Money anxiety has long been a major stressor for Americans, and a new poll from the American Psychological Association confirms it’s still the main cause of stress nationwide. (1) But would you have guessed it has a larger effect on women than men?
The same study shows it’s more often a “significant source of stress” for women than men, with 68% of women agreeing versus just 61% of men.
How do men and women feel about financial security versus material wealth? The 2017 Charles Schwab Modern Wealth Index survey indicates that women would rather feel secure about their money than have luxuries. (2) And when surveyors asked women to choose between never having to worry about their financial future or having the ability to buy anything they want, 84% said they would opt for peace of mind. Some men agreed, but women were 8% more likely to lean toward financial security.
Taken together, those facts point to something experience confirms: when couples hear about our advice to save up three to six months’ worth of living expenses in an emergency fund, wives are more likely than husbands to vote for the six-month end of the spectrum. And it also helps you to understand more about how women are likely to feel while working from Baby Step One (the starter emergency fund of $1,000) to Baby Step Two (paying off all debt) to perhaps her favorite Baby Step Three (that big, beautiful and full emergency fund).
Focusing on the peace of mind you can both experience when you hit Baby Step Three may go a long way toward helping you and your spouse to have more peaceful budget committee meetings!
Why $1,000 Just Isn’t Enough
When you’re first starting out to get to a healthy place with your money, small wins are essential to your success. That’s why we advise everyone to begin by saving up a starter emergency fund of $1,000 as fast as possible. For many people, knocking out Baby Step One is the first time they’ve ever seen a four-digit bank balance anywhere!
Next comes the series of small wins you feel as you knock your debts out from smallest to largest using the Debt Snowball method. Reaching a place where you’re debt-free is an awesome feeling and creates powerful unity in a marriage. For many couples, finishing Baby Step Two gives them a sense that they’ve turned a major corner in their journey together.
But at that point, your emergency fund should be giving you a funny feeling—the feeling you need to do more. It may show up as concern, hope, or just an itch to save. However that feeling hits you, you need to act on it! Why? Because it’s rooted in the reality that emergencies really do happen—big ones! Everything from hospital bills and broken-down hot water heaters to totaled pickup trucks. And when they strike, the absolute last thing you want to do is go back into debt to pay for them. After all, you worked way too hard on your Debt Snowball to start borrowing your way through life again.
How Big Does the Full Fund Need to Be?
Well, as we mentioned before, you’ll want to save up three months’ worth of living expenses at the very least. That might sound fine to you, or it might sound low. Chances are, your spouse will lean one way or the other. Plan to talk together about how big it should be, and be willing to flex in their direction. That’s especially good advice if they’re asking to push the emergency fund higher than you want, because you can never go wrong with a six-month fund.
Here are a couple of other factors that could make a six-month fund a better choice for you:
If you pay the bills through straight commission work or you’re self-employed, you’re likely to face more financial dry spells than salaried workers do.
If you’re in a one-income household, a job loss would mean a 100% cut in income, and you’re going to need every penny in your emergency fund.
Frequent medical problems or chronic health issues make a six-month fund a great idea.
What’s the Definition of a Month’s Worth of Living Expenses?

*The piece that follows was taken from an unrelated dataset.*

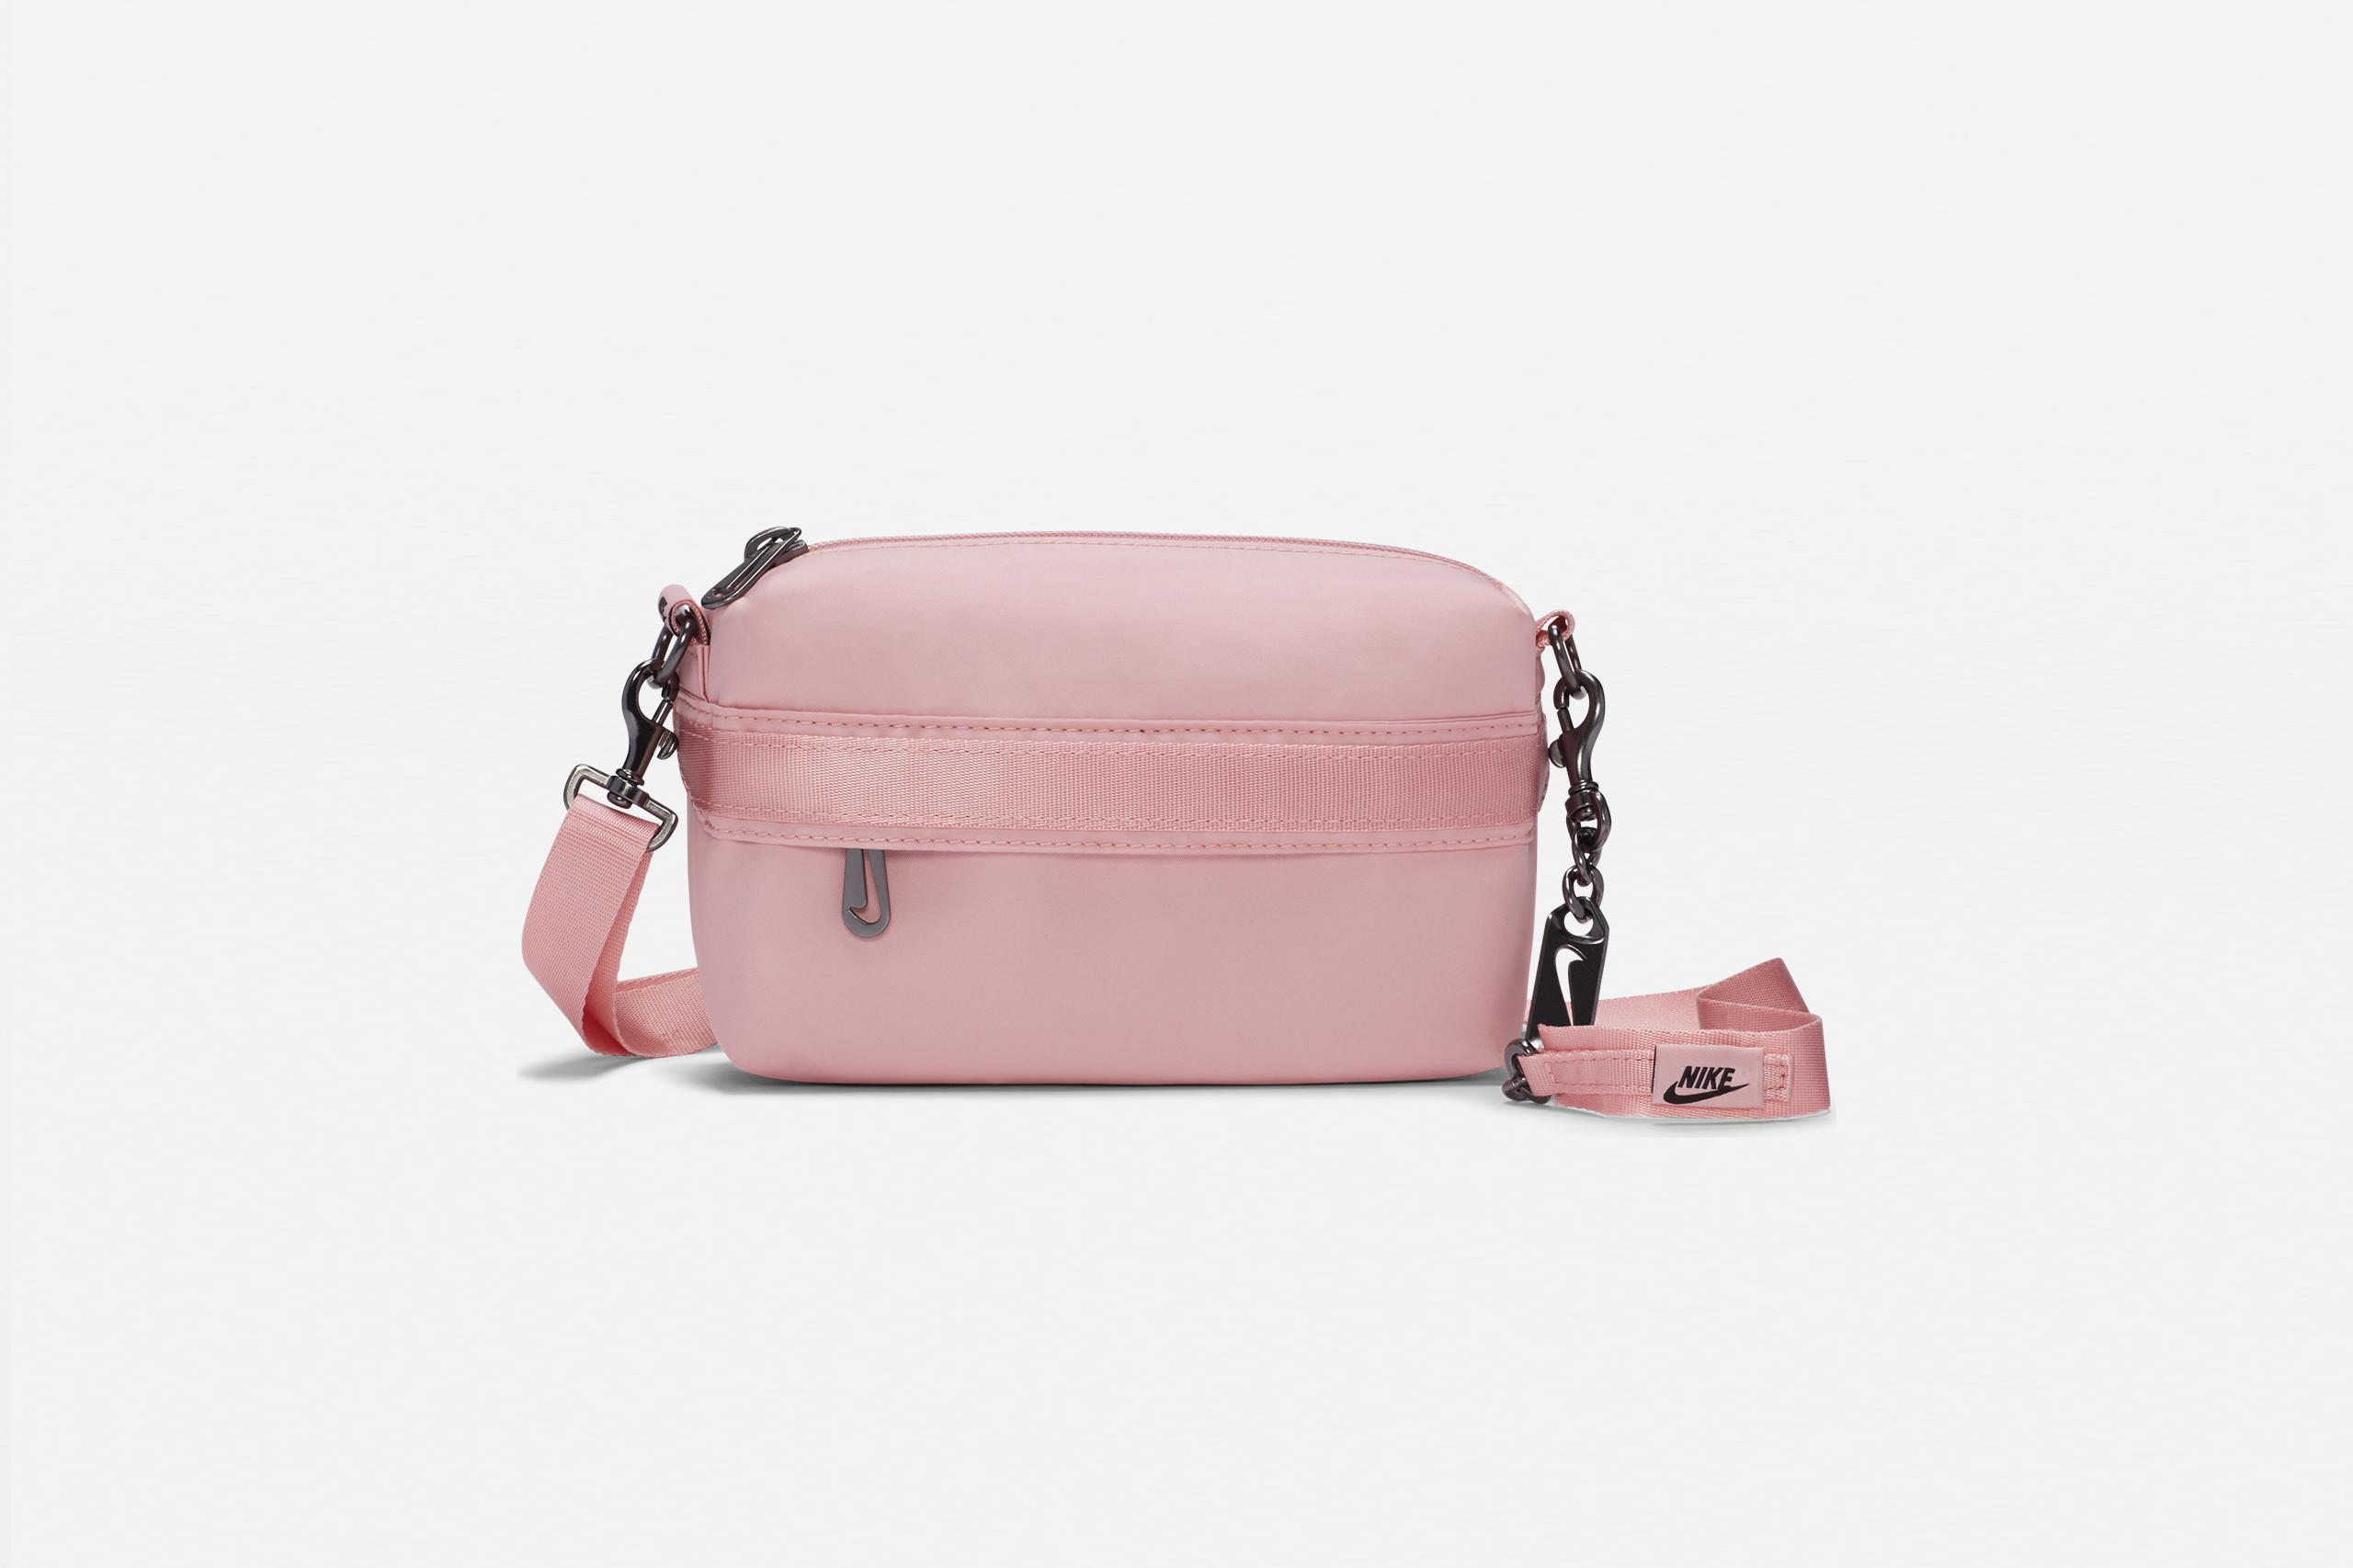 Nike Women's Futura Luxe Crossbody Pink Glaze/Black

This is pretty simple. What would it take for you to live for a whole month if you suddenly lost all of your income? This means all the basics like:
Your rent or mortgage
Your household utilities
Your vehicles and gas
Then you multiply that by three, four, five or six depending on what you and your spouse decided together. For most people, this fund is going to range from $5,000 to $25,000.

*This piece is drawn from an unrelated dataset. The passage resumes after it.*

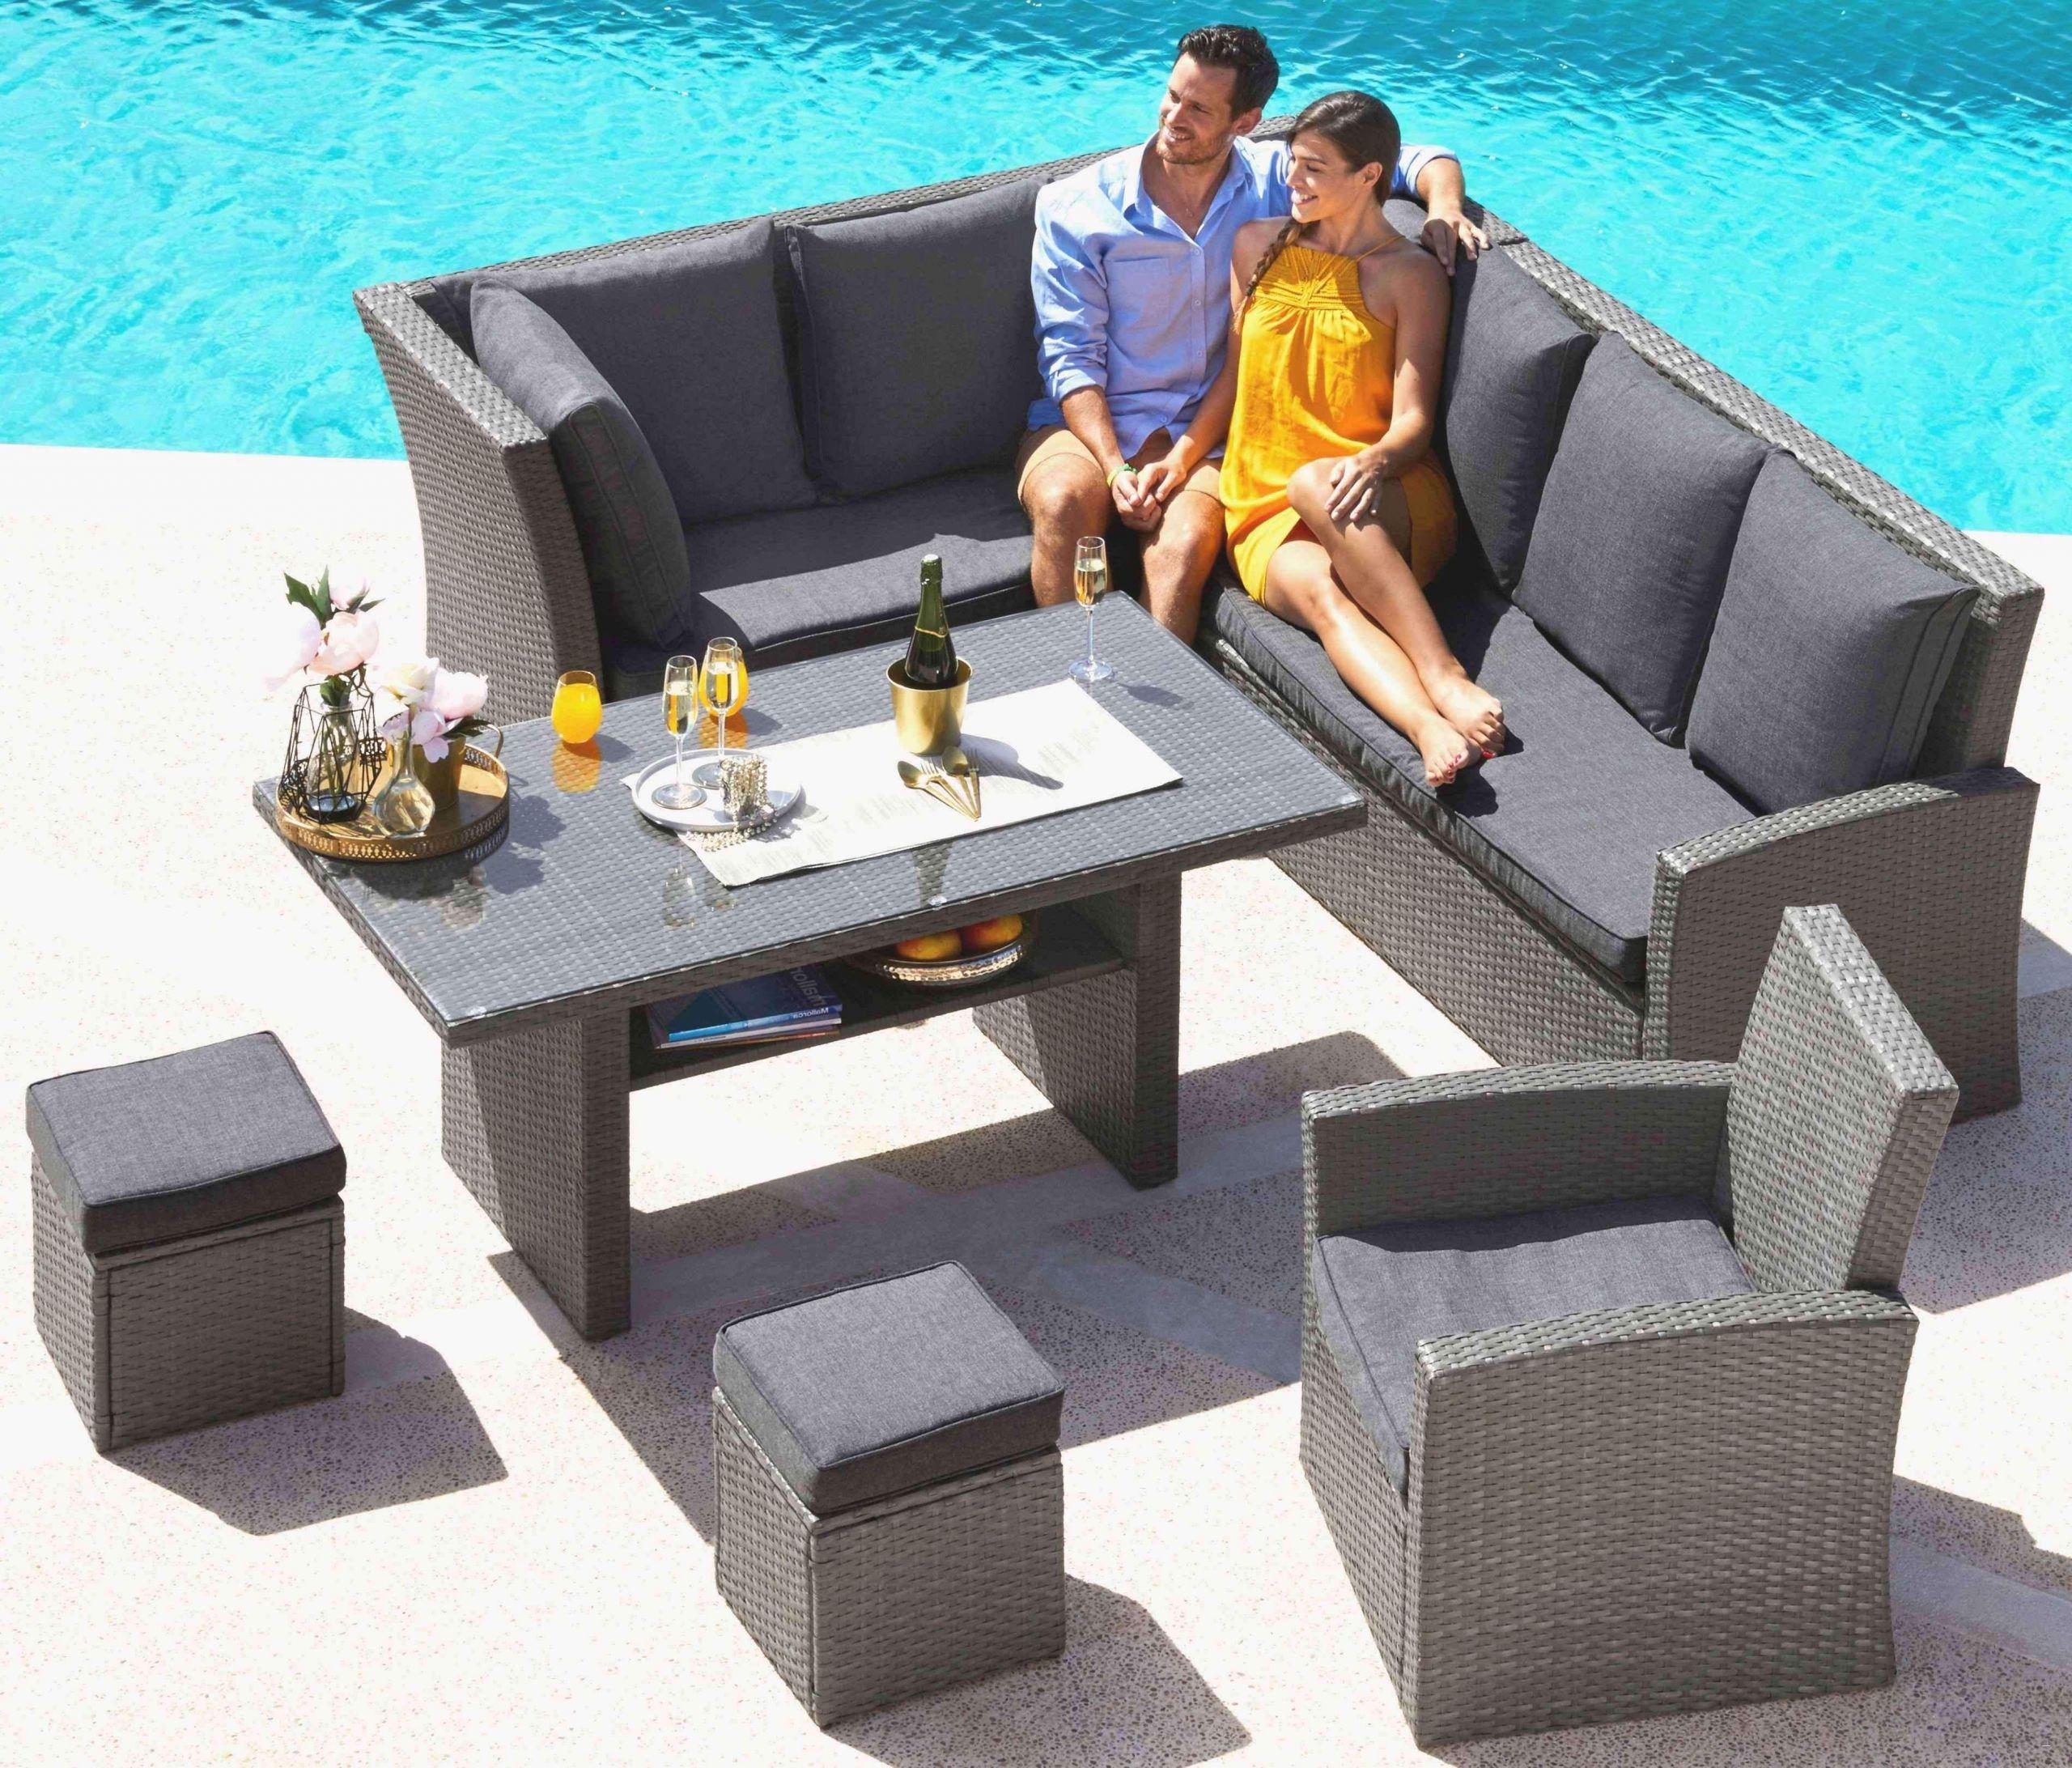 40 garten lounge sessel inspiration sxq7fvxn of lounge sessel terrasse

What’s the Reasoning Behind the Three- to Six-Month Dollar Range?
The basic idea here is that when something awful happens like a sudden job loss or onset of illness, you won’t be able to snap your fingers and replace your income. You’ll need some time—not only to rest and think, but also to pursue a new plan going forward. And your ability to do that will be greatly enhanced if you have a big cushion in place between yourself and the bills. In case you’ve never heard, those still come due no matter how painful life becomes.
Having a big, full emergency fund can do you and your spouse a world of good. When you’ve completed this step, the news just gets better and better. You’re not only debt-free and protected from emergencies, but you’re also now in a position to begin investing in your future! Think about the possibilities!